Shivani Sharma — July 30, 2021
Advanced Classification NLP Project Python Structured Data Supervised

This article was published as a part of the Data Science Blogathon

What each big tech company wants is the Security and Safety of its customers. By detecting spam alerts in emails and messages, they want to secure their network and enhance the trust of their customers. The official messaging app of Apple and the official chatting app of Google i.e Gmail is unbeatable examples of such applications where the process of spam detection and filtering works well to protect users against spam alerts. So, if you’re looking to create a spam detection system, this text is for you.

sourceSpam detection

What is the so-called Spam?

E- messages are a crucial means of communication between many people worldwide. But several people and corporations misuse this facility to distribute unsolicited bulk messages that are commonly called Spam SMS. Spam SMS may include advertisements of medicine, software, adult content, insurance, or other fraudulent advertisements. Various Spam filters are wont to provide a protective mechanism that will design a system to acknowledge spam.

Spam Detection

After submitting your personal details like mobile number or email address on any platform, they started the advertisement of their unusual products by constantly pinging you. They try to advertise by sending constant emails and with the help of your contact details they keep sending you messages as well they are doing WhatsApp more nowadays. Hence, the output is nothing but a lot of spam alerts and notifications popping up in your inbox. This is often where the task of spam detection comes in.

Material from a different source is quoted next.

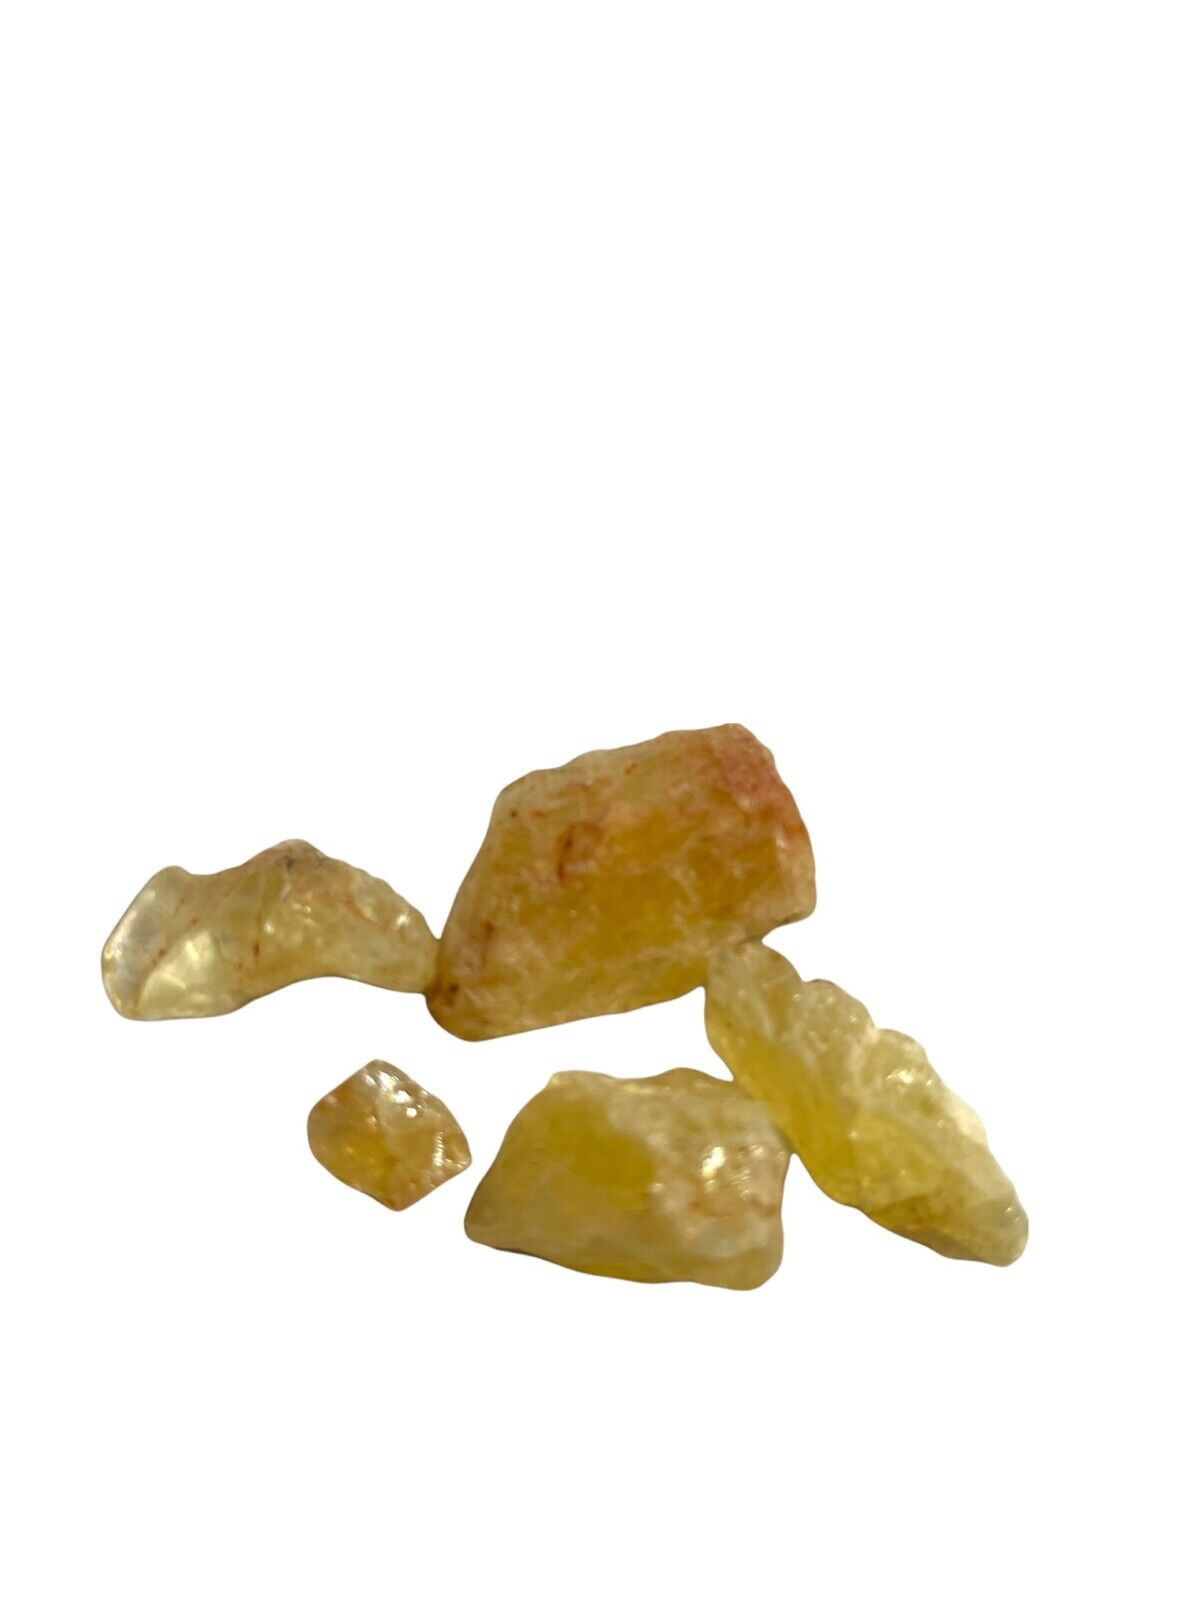 Gold Danburite Chips Tanzania 9 grams 5-20mm Very Small Reiki Healing Crystals

Spam detection means detecting spam messages or emails by understanding text content in order that you’ll only receive notifications regarding your messages or emails that are crucial to you. If spam messages are found, they’re automatically transferred to a spam folder and you’re never notified of such alerts. This helps to enhance the user experience, as many spam alerts can bother many users.

What is Spam filtering?

Could you guess when you become the target of hackers? Yes, if you are thinking about Spam then you are on the right path. Whenever spam hits your email or message inbox, you are in hands of hackers and they’ll call you their target. When it involves technology, humans tend to be the weakest link in most IT security situations. Attackers will constantly attempt to trick them, manipulating users to click on things that they shouldn’t through a spread of methods. Oftentimes, these “tricks” are via email, as email platforms can target a really sizable amount of individuals and maybe a very “budget-friendly” attack. After clicking the inappropriate thing available in the spam emails, you made your important and personal data exposed to the hackers. The role of Spam filtering comes into existence as email is usually used as how to take advantage of users and their most powerful data. Organizations must utilize a spam filter to scale back the danger of users clicking on something they shouldn’t, successively keeping their internal data shielded from a cyber attack.

WHY IT’S IMPORTANT?

The Implementation of spam filtering is exclusively important for all organizations. The major role of spam filtering is to keep the garbage out of email boxes. You can also treat spam filtering as a buddy who manages your life smoothly by showing only the safe and desired mails. Spam filtering is actually used as an anti-malware tool because the only trick of hackers is to share the attachments on mail and ask for your credentials. Another non-neglecting aspect is the removal of Graymail. Graymail is an email that a user has previously opted to receive, but doesn’t actually need or need in their inbox. Graymail isn’t considered spam, as these emails aren’t wont to infiltrate a corporation. what’s considered graymail is decided by the actions of the user over time, and spam filtering platforms will devour thereon to work out what’s or isn’t wanted within an inbox.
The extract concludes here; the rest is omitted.